**TASK BRIEF**. Every line from the first one in the listing down to the line with "Memorandum for Record Army" should be restated word for word.

————

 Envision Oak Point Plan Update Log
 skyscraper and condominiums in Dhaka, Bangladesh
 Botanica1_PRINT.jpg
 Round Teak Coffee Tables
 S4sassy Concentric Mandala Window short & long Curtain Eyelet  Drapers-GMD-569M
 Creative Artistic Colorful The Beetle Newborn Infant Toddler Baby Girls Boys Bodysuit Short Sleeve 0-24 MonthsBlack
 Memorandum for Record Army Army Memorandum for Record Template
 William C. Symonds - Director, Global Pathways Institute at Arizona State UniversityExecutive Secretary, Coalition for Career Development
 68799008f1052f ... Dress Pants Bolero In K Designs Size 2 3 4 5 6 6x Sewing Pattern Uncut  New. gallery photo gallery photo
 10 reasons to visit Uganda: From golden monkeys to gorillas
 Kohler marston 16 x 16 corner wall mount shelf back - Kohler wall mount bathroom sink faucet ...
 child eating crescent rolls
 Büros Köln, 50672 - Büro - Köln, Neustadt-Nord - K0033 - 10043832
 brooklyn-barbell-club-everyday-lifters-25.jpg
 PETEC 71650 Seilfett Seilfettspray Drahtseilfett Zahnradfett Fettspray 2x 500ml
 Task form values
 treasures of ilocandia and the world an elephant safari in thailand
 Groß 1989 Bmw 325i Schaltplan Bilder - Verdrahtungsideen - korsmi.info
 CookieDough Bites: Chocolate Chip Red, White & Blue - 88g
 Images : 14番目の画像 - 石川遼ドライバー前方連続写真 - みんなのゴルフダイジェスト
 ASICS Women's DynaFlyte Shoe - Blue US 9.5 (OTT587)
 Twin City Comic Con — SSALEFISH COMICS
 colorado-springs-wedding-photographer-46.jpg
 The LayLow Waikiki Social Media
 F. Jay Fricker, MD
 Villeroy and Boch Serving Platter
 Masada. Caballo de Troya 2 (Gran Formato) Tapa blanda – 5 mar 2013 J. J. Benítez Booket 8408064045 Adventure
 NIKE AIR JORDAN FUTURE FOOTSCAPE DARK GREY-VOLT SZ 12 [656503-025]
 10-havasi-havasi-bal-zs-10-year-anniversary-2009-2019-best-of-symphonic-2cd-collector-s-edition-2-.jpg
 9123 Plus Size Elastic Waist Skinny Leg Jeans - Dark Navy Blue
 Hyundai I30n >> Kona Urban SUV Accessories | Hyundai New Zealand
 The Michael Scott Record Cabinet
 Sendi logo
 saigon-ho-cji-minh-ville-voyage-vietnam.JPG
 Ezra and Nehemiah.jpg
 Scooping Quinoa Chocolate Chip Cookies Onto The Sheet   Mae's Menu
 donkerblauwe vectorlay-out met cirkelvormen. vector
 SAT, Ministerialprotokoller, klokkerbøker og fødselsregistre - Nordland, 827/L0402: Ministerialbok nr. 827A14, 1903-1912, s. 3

————

**OUTPUT**.
 Envision Oak Point Plan Update Log
 skyscraper and condominiums in Dhaka, Bangladesh
 Botanica1_PRINT.jpg
 Round Teak Coffee Tables
 S4sassy Concentric Mandala Window short & long Curtain Eyelet  Drapers-GMD-569M
 Creative Artistic Colorful The Beetle Newborn Infant Toddler Baby Girls Boys Bodysuit Short Sleeve 0-24 MonthsBlack
 Memorandum for Record Army Army Memorandum for Record Template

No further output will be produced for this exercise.